Meteorological history
- Formed: 2 March 2018
- Post-tropical: 7 March 2018
- Dissipated: 10 March 2018

Intense tropical cyclone
- 10-minute sustained (MFR)
- Highest winds: 165 km/h (105 mph)
- Highest gusts: 230 km/h (145 mph)
- Lowest pressure: 945 hPa (mbar); 27.91 inHg

Category 3-equivalent tropical cyclone
- 1-minute sustained (SSHWS/JTWC)
- Highest winds: 205 km/h (125 mph)
- Lowest pressure: 941 hPa (mbar); 27.79 inHg

Overall effects
- Fatalities: 2 total
- Damage: $3.73 million (2018 USD)
- Areas affected: Madagascar; Réunion;
- IBTrACS
- Part of the 2017–18 South-West Indian Ocean cyclone season

= Cyclone Dumazile =

South-West Indian cyclone in 2018

Intense Tropical Cyclone Dumazile was a strong tropical cyclone that brought flooding to Madagascar and Réunion in early March 2018. Dumazile originated from an area of low pressure that formed in the South-West Indian Ocean near Agaléga on 27 February. The system concentrated into a tropical disturbance on 2 March and was named the next day, as it intensified into a tropical storm. Amid conditions conducive for intensification, Dumazile strengthened over the next two days and reached peak intensity on 5 March as an intense tropical cyclone, with 10-minute sustained winds of 90 kn, 1-minute sustained winds of 110 kn, and a central pressure of 945 hPa. The system weakened steadily over the next couple days because of increasing wind shear as it tracked to the southeast. Dumazile became post-tropical on 7 March and eventually dissipated completely on 10 March near the Kerguelen Islands.

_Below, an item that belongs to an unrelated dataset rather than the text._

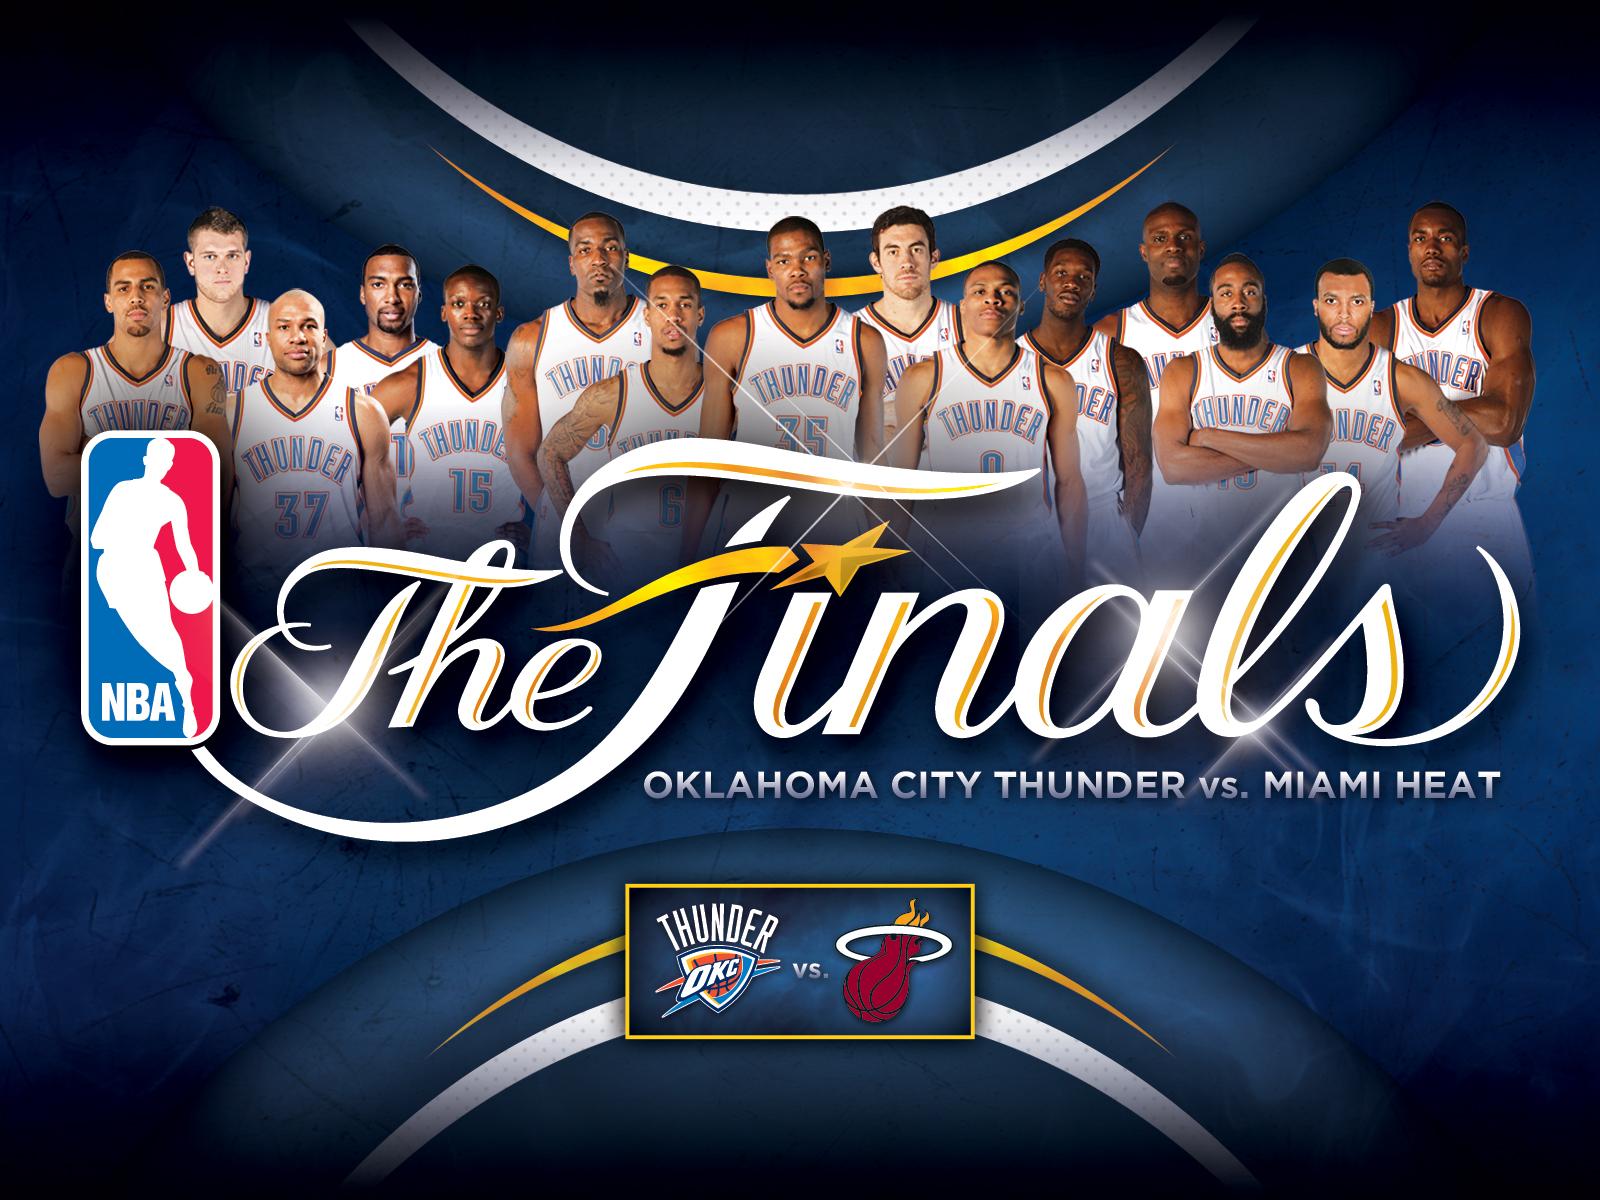 OKLAHOMA CITY THUNDER basketball nba g wallpaper 1600x1200 158379 1600x1200

Cyclone Dumazile affected Réunion less than two months after Cyclone Berguitta, halting ongoing repairs to bridges and reconstruction efforts. Torrential rainfall, reaching 1600 mm in Salazie, caused significant flooding across the island. Floodwaters, landslides, and downed trees caused significant damage and disruption to the road network on Réunion, particularly in coastal and mountainous areas. Repairs to the highway between Îlet Furçy and Cilaos were set back significantly. Large waves along the coast caused erosion, leading to collapses of beachfront infrastructure and beach closures. Ports were also damaged by the waves, and the Port of Saint-Gilles was clogged by debris. The agricultural sector incurred about €3 million (US$3.73 million; equivalent to $ million in ) of damage, as crops were destroyed by floods and gusty winds. Recovery in Réunion was later hampered further by Cyclone Fakir in April.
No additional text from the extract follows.